- Work to complete
Return only the stretch of the material below that begins with the line containing "無印良品の期間限定スイーツ「桜ロールケーキ」" and ends with the line containing "Las valientes bomberas", exactly; both of those lines belong to it.

- Given entries
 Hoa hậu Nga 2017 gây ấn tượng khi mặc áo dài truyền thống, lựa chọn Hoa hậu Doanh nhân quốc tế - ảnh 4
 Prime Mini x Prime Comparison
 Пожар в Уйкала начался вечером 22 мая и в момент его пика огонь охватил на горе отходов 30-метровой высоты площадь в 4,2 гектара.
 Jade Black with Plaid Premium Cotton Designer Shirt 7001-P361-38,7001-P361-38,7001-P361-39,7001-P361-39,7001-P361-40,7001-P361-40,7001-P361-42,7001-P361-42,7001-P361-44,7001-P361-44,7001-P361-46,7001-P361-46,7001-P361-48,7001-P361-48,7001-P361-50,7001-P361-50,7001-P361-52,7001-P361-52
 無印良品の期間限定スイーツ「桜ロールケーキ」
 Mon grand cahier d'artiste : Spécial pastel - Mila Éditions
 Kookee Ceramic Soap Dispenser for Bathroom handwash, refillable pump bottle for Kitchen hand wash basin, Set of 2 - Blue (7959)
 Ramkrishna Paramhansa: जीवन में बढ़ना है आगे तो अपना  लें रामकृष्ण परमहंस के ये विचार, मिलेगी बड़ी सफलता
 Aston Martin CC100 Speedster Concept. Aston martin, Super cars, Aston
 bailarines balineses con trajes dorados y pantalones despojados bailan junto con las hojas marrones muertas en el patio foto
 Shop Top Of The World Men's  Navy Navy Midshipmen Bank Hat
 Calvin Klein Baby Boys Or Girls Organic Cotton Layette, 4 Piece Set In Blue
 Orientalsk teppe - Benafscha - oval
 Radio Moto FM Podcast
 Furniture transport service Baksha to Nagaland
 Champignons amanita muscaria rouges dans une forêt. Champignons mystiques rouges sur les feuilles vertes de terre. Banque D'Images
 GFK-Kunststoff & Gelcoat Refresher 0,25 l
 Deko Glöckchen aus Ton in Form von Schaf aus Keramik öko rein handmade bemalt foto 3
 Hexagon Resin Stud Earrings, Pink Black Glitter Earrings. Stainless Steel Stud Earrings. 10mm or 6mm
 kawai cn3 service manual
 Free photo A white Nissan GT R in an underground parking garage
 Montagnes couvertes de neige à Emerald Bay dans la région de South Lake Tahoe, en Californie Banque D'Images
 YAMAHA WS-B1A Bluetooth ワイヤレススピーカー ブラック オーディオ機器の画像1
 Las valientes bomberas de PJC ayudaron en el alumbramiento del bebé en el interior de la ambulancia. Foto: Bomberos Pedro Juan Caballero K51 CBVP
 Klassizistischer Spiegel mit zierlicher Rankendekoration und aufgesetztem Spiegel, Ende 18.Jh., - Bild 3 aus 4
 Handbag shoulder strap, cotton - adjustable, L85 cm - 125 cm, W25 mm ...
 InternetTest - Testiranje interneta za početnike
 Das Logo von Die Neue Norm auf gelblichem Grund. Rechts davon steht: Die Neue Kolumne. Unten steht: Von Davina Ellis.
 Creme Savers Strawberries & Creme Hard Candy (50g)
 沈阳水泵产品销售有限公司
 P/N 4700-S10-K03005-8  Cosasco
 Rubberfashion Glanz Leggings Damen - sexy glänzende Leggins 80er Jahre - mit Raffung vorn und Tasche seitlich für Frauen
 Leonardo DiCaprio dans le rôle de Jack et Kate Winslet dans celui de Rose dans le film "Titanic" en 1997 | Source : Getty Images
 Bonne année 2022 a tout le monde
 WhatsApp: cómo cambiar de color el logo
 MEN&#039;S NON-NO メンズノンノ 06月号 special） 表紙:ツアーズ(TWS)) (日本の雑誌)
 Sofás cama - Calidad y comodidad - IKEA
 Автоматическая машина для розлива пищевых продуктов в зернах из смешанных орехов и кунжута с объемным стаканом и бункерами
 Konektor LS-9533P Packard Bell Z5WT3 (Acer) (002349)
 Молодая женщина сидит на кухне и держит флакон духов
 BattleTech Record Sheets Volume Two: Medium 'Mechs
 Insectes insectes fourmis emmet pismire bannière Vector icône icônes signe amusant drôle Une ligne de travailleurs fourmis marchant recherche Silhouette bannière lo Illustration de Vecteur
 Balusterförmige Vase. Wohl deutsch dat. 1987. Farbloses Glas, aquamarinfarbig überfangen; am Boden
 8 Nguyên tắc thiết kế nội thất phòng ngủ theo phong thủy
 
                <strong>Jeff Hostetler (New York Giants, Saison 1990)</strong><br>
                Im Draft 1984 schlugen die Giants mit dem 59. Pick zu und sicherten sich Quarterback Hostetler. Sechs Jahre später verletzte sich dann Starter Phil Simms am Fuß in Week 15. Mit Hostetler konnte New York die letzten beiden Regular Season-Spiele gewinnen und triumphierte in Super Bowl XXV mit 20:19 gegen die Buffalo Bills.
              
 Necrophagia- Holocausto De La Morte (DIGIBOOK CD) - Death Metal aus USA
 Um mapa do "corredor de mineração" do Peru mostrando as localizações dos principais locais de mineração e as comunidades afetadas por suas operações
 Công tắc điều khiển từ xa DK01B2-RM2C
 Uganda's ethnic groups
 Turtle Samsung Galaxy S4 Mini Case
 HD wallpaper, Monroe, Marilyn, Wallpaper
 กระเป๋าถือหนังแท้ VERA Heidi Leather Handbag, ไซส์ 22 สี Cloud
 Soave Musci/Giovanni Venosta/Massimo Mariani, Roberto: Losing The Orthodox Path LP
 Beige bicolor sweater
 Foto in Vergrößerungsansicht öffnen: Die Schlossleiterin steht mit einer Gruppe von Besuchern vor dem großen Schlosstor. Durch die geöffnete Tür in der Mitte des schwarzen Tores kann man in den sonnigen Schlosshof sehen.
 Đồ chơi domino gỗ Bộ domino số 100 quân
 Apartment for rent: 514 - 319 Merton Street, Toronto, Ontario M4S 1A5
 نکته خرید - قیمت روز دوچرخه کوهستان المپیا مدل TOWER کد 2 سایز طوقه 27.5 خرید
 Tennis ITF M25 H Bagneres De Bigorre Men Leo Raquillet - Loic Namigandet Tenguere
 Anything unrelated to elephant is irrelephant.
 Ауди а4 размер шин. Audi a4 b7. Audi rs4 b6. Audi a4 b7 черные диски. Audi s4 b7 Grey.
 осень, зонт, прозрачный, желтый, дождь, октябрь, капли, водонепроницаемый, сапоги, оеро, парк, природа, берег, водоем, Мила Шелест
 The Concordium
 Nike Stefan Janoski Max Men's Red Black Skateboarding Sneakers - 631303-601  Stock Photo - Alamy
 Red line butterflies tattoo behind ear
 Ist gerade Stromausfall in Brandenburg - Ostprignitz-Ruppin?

- Answer space
 無印良品の期間限定スイーツ「桜ロールケーキ」
 Mon grand cahier d'artiste : Spécial pastel - Mila Éditions
 Kookee Ceramic Soap Dispenser for Bathroom handwash, refillable pump bottle for Kitchen hand wash basin, Set of 2 - Blue (7959)
 Ramkrishna Paramhansa: जीवन में बढ़ना है आगे तो अपना  लें रामकृष्ण परमहंस के ये विचार, मिलेगी बड़ी सफलता
 Aston Martin CC100 Speedster Concept. Aston martin, Super cars, Aston
 bailarines balineses con trajes dorados y pantalones despojados bailan junto con las hojas marrones muertas en el patio foto
 Shop Top Of The World Men's  Navy Navy Midshipmen Bank Hat
 Calvin Klein Baby Boys Or Girls Organic Cotton Layette, 4 Piece Set In Blue
 Orientalsk teppe - Benafscha - oval
 Radio Moto FM Podcast
 Furniture transport service Baksha to Nagaland
 Champignons amanita muscaria rouges dans une forêt. Champignons mystiques rouges sur les feuilles vertes de terre. Banque D'Images
 GFK-Kunststoff & Gelcoat Refresher 0,25 l
 Deko Glöckchen aus Ton in Form von Schaf aus Keramik öko rein handmade bemalt foto 3
 Hexagon Resin Stud Earrings, Pink Black Glitter Earrings. Stainless Steel Stud Earrings. 10mm or 6mm
 kawai cn3 service manual
 Free photo A white Nissan GT R in an underground parking garage
 Montagnes couvertes de neige à Emerald Bay dans la région de South Lake Tahoe, en Californie Banque D'Images
 YAMAHA WS-B1A Bluetooth ワイヤレススピーカー ブラック オーディオ機器の画像1
 Las valientes bomberas de PJC ayudaron en el alumbramiento del bebé en el interior de la ambulancia. Foto: Bomberos Pedro Juan Caballero K51 CBVP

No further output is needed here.